Food and agribusiness industry formed a US$5 trillion global industry based on a 2015 McKinsey report.

With the growing population of 7.8 billion as it stands today to the 10 billion projected by the United Nations in 2057, the market size of this industry will only get significantly bigger as demand for food worldwide increases.

This massive opportunity has, in turn, generated tremendous global investment interests throughout its value chain.

Innovation via technology and digitalisation are seen as pragmatic solutions to help address some of the greatest challenges facing the global food system. Food demand is increasing and suppliers are seeking greater distribution and access to the regional or global supply chain.

Customers are asking for food traceability, greater price transparency, as well as faster, round the clock access to information. New digital platforms have emerged in an attempt to address these market needs.

According to AgFunder’s Agri-FoodTech Funding Report 2019, US$786 million of funding – or four per cent of total investment in the agri-foodtech space – across 104 deals with a median deal size of US$1.5 million was invested in agribusiness marketplaces last year as global agribusiness moves quickly to catch up with the e-commerce trends globally.

Also Read: Here are the key challenges facing Indonesia’s agritech sector

Where are the digital agribusiness marketplaces and platforms

Two major organisation profiles emerged when we analysed the existing agribusiness marketplaces and e-commerce platforms.

First are startups, primarily based in emerging markets, seeking to disrupt the industry via digital transformation. They aim to improve and streamline procurement processes, provide greater price transparency, and enable provenance via blockchain technology. Second, are large multinationals or leading regional food service companies such as Cargill, US Foods, Bayer and Nestle.

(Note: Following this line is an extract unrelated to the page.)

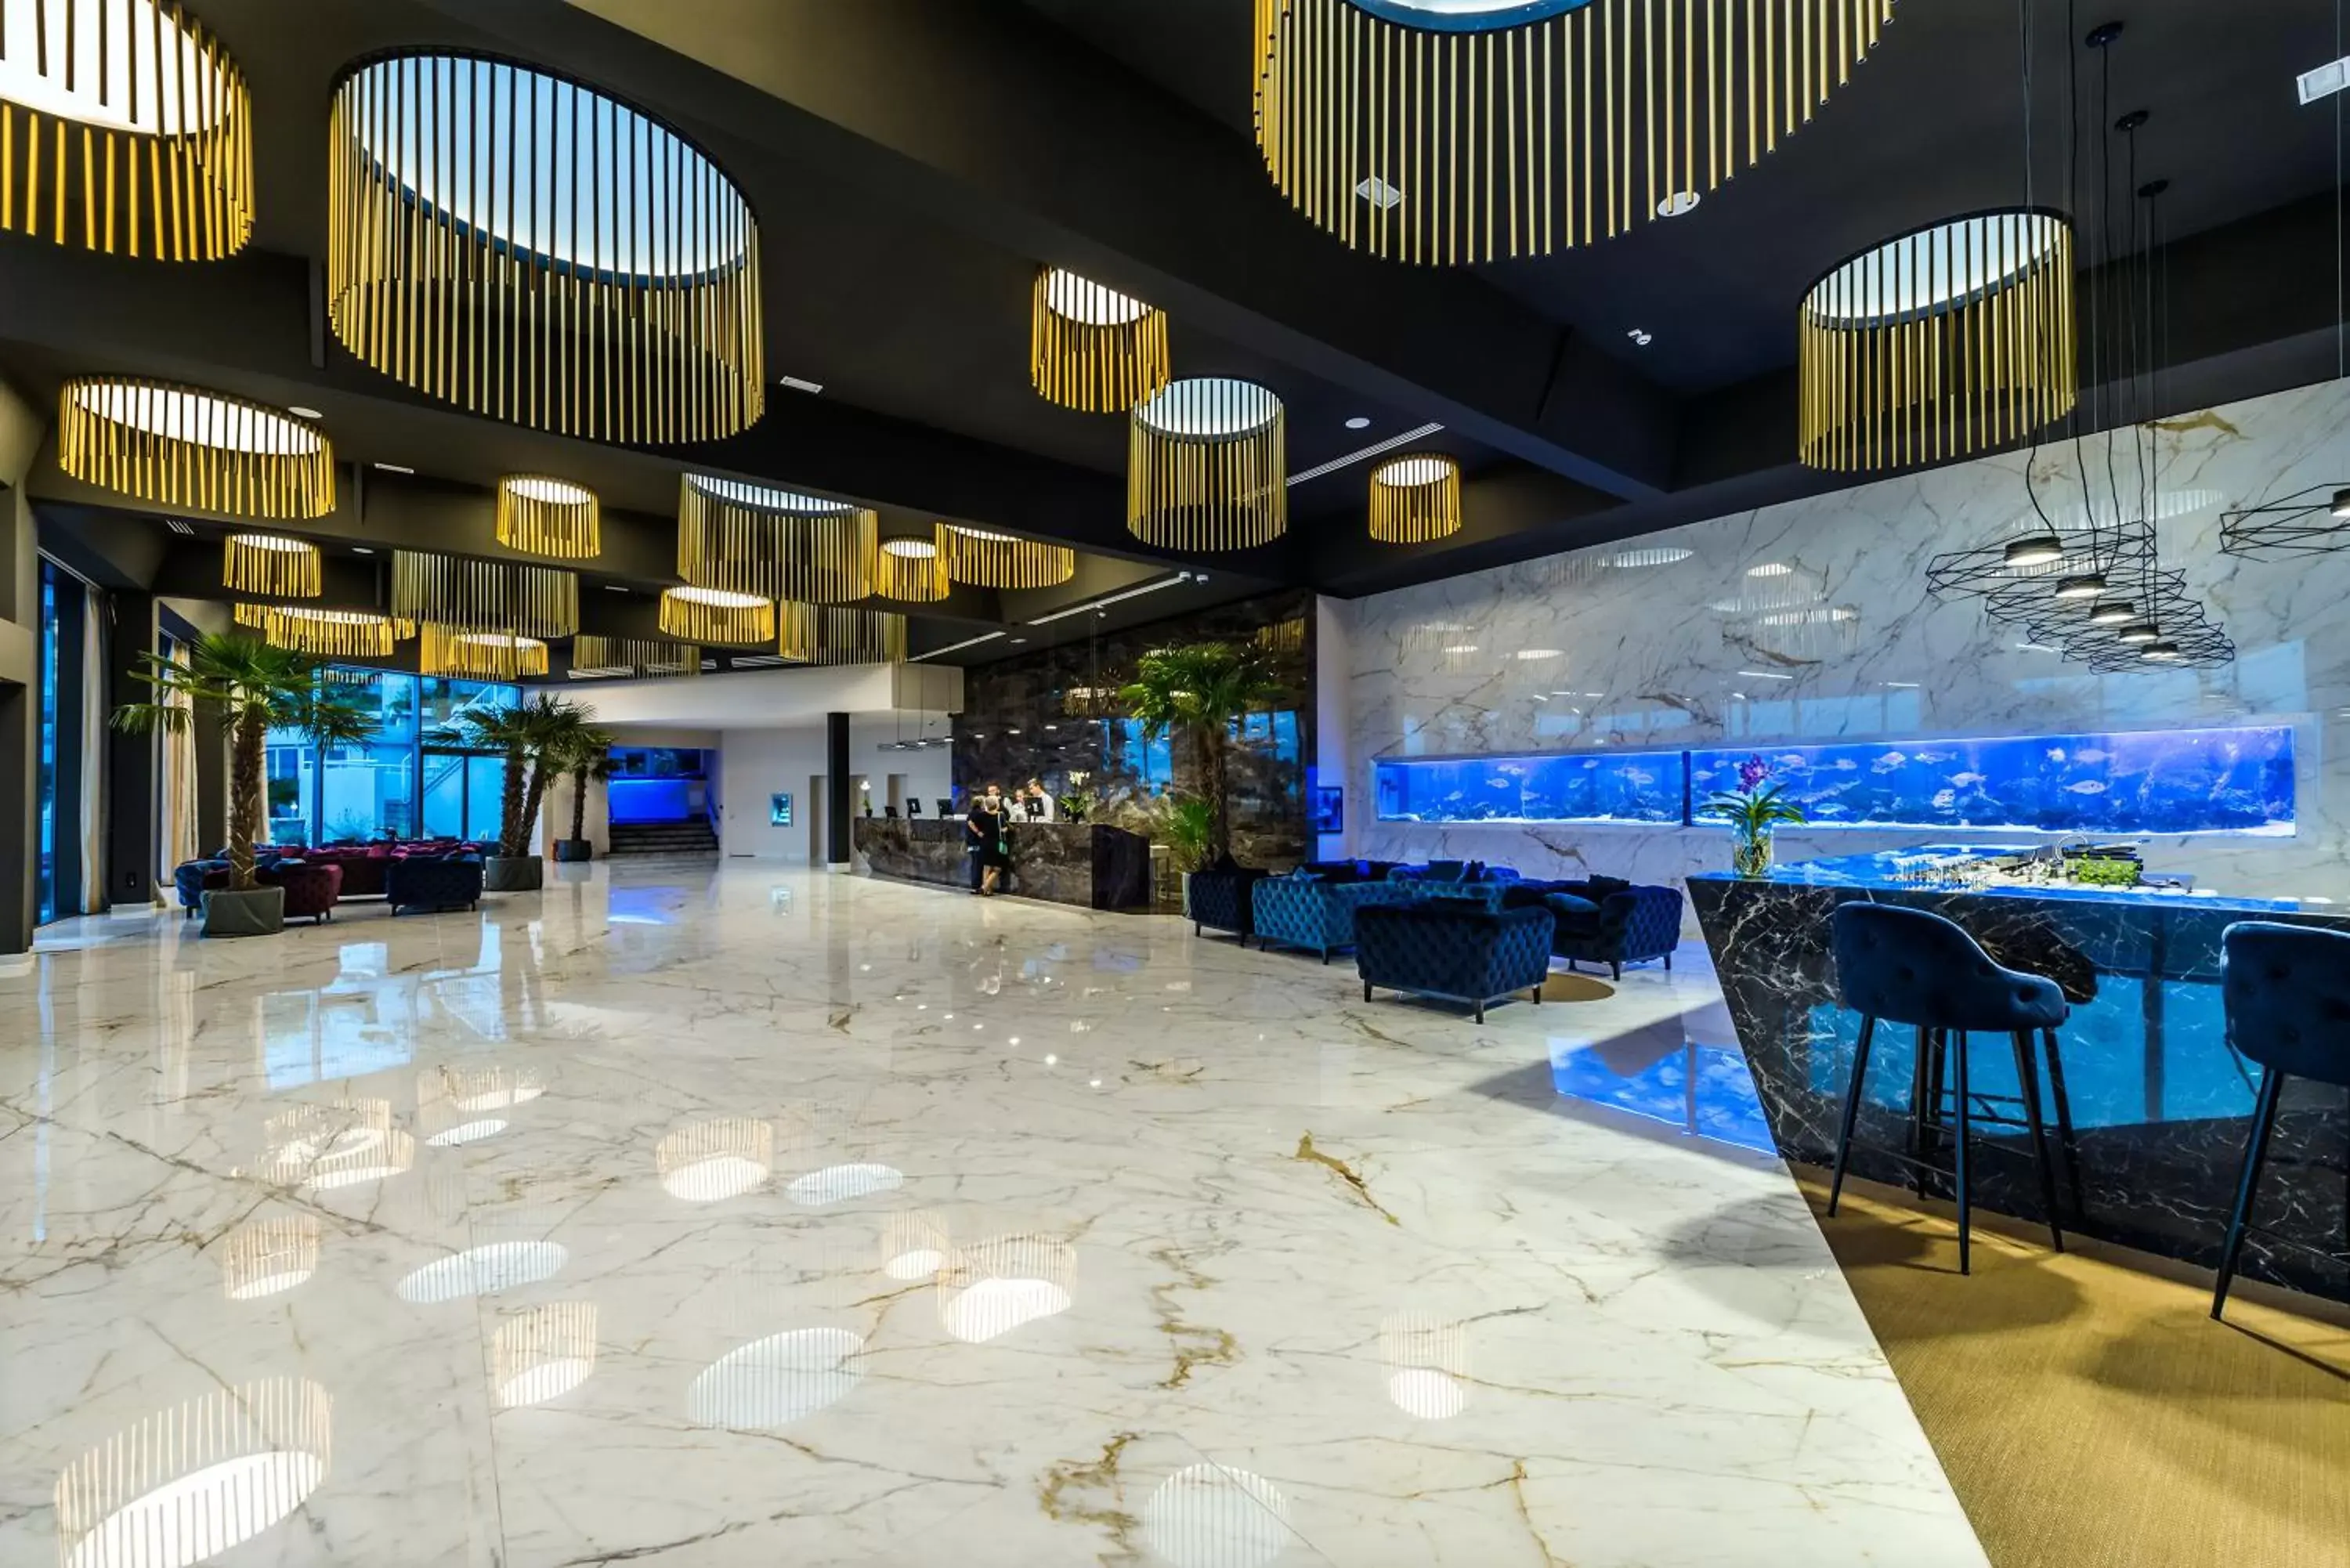 Lobby or reception in Grand Hotel Adriatic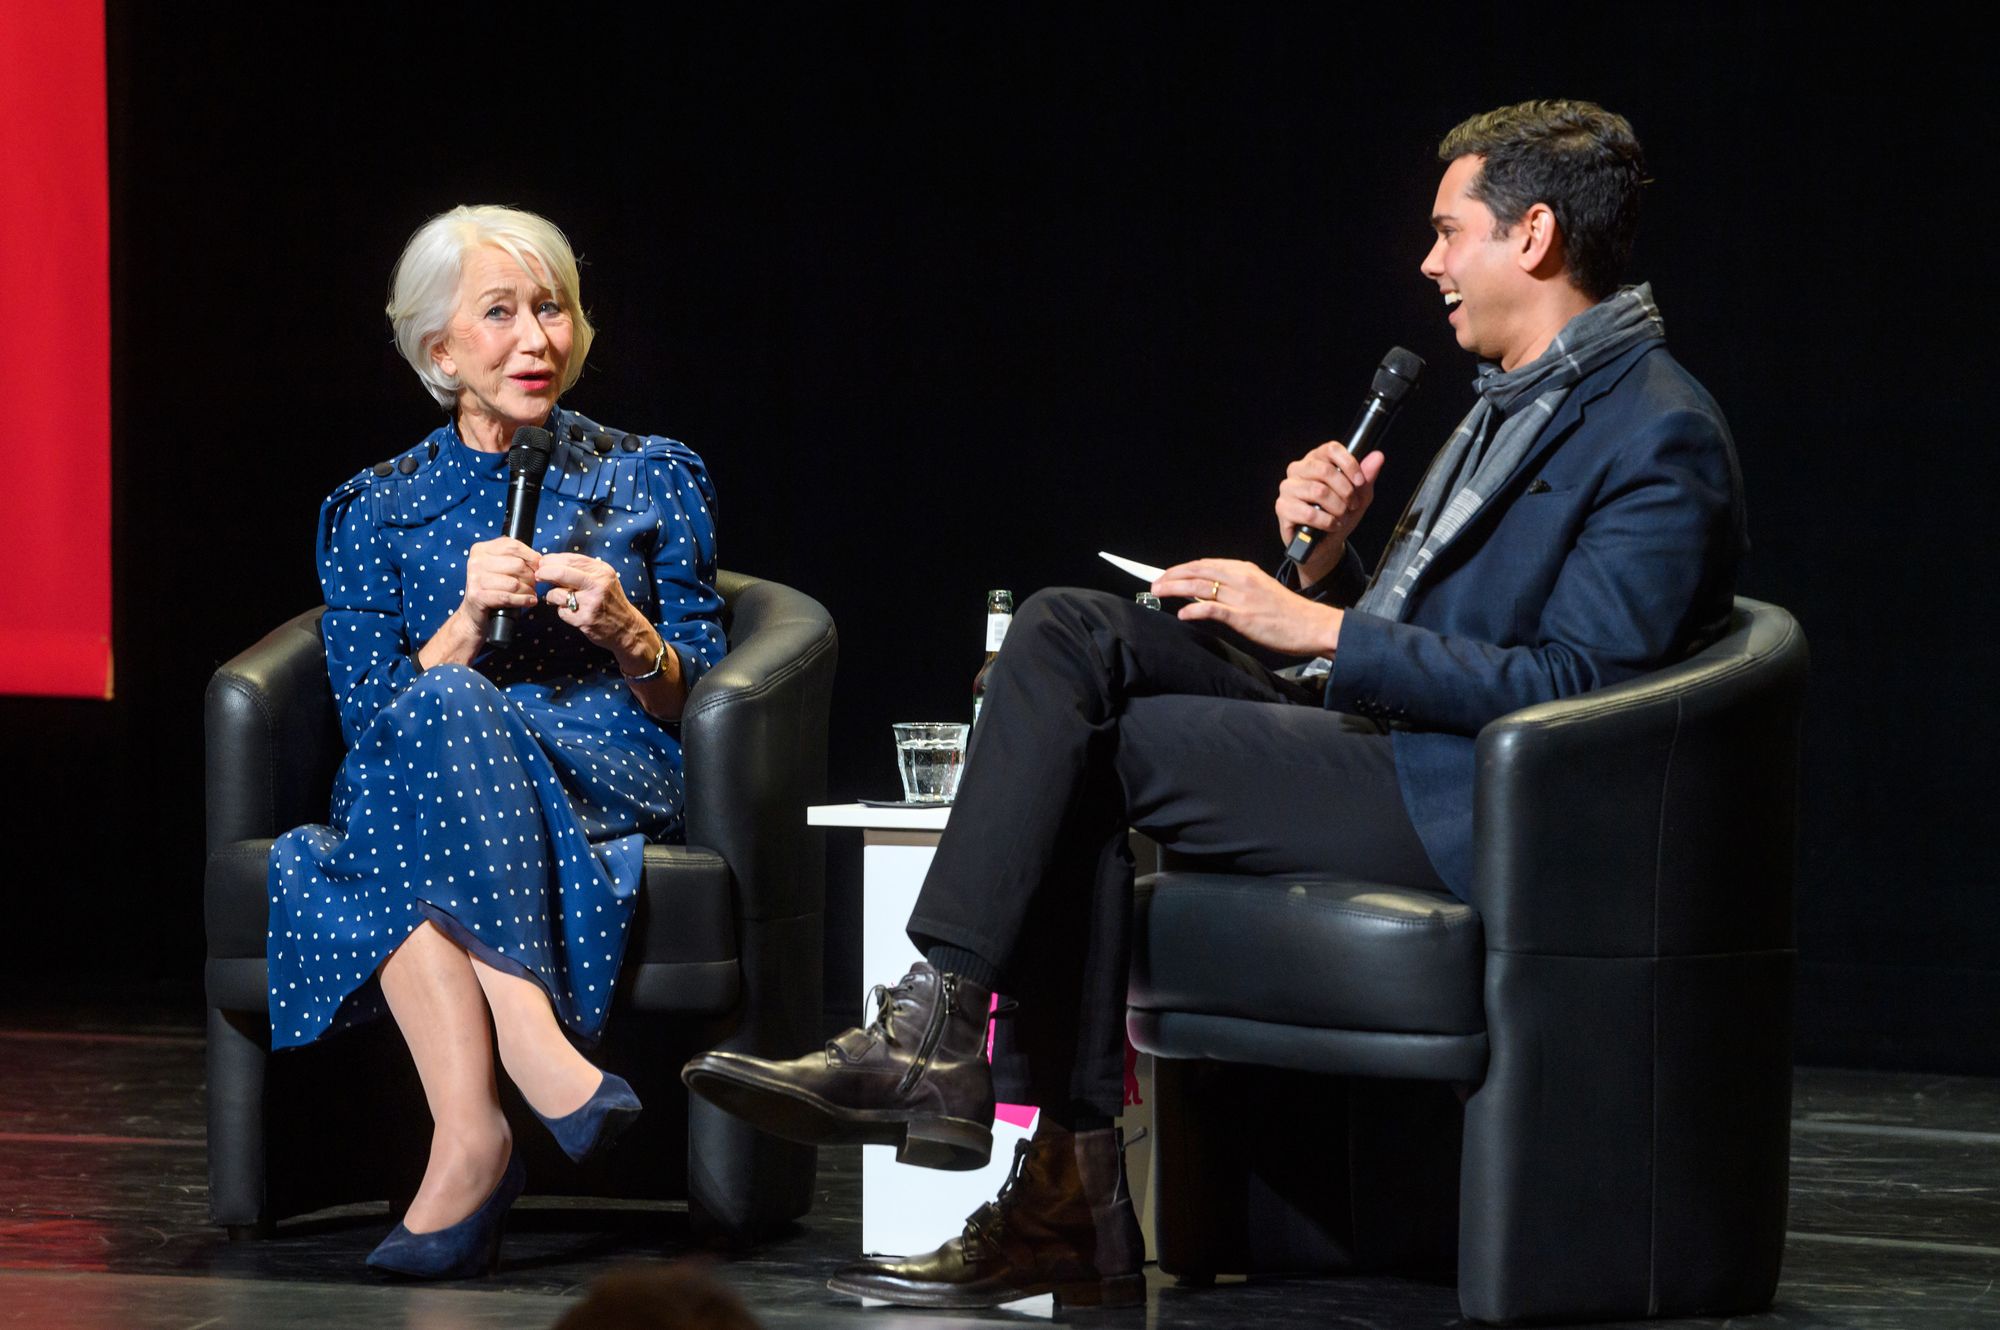 Berlinale Homage In Conversation with Helen Mirren

Agribusiness marketplace startups are gaining the buck

The 2019 AgFunder report reported that the nine out of the top 20 agritech marketplace funding went to Asian startups engaged in marketplace and e-commerce operations – Six Chinese (Xinliangji, Qdama, Yimutian, Dafengshou, Just Free and Guoquan Shihui), two Indian (Ningacart and Agrostar) and one Japanese (Sorabito).

Many of the top 20 invested marketplaces are located in developing countries with a strong agricultural economy.  These agribusiness startups engaged themselves to offer different products and services within the agriculture or foodservice value chain:

  • Trading platforms to facilitate sale, leasing and/or rental of agriculture machinery and equipment;
  • Farmers-to-farmers or farmers-to-restaurants/retailers networks;
  • B2C retail and distribution of food and equipment;
  • B2B procurement of wholesale food, grocery and/or equipment marketplaces;
  • Direct sales platform for agriculture inputs, machinery and replacement parts;
  • Agriculture insurance and/or procurement financing; and
  • Crowdfunding or financing for farmers.

Traditional multinational and regional players investing in e-commerce

Multinational or regional agriculture and/or food service players are also investing into e-commerce and marketplace platforms to augment their existing operations and increase their B2B customer offering, although the number is significantly less than those of the agribusiness marketplace startups.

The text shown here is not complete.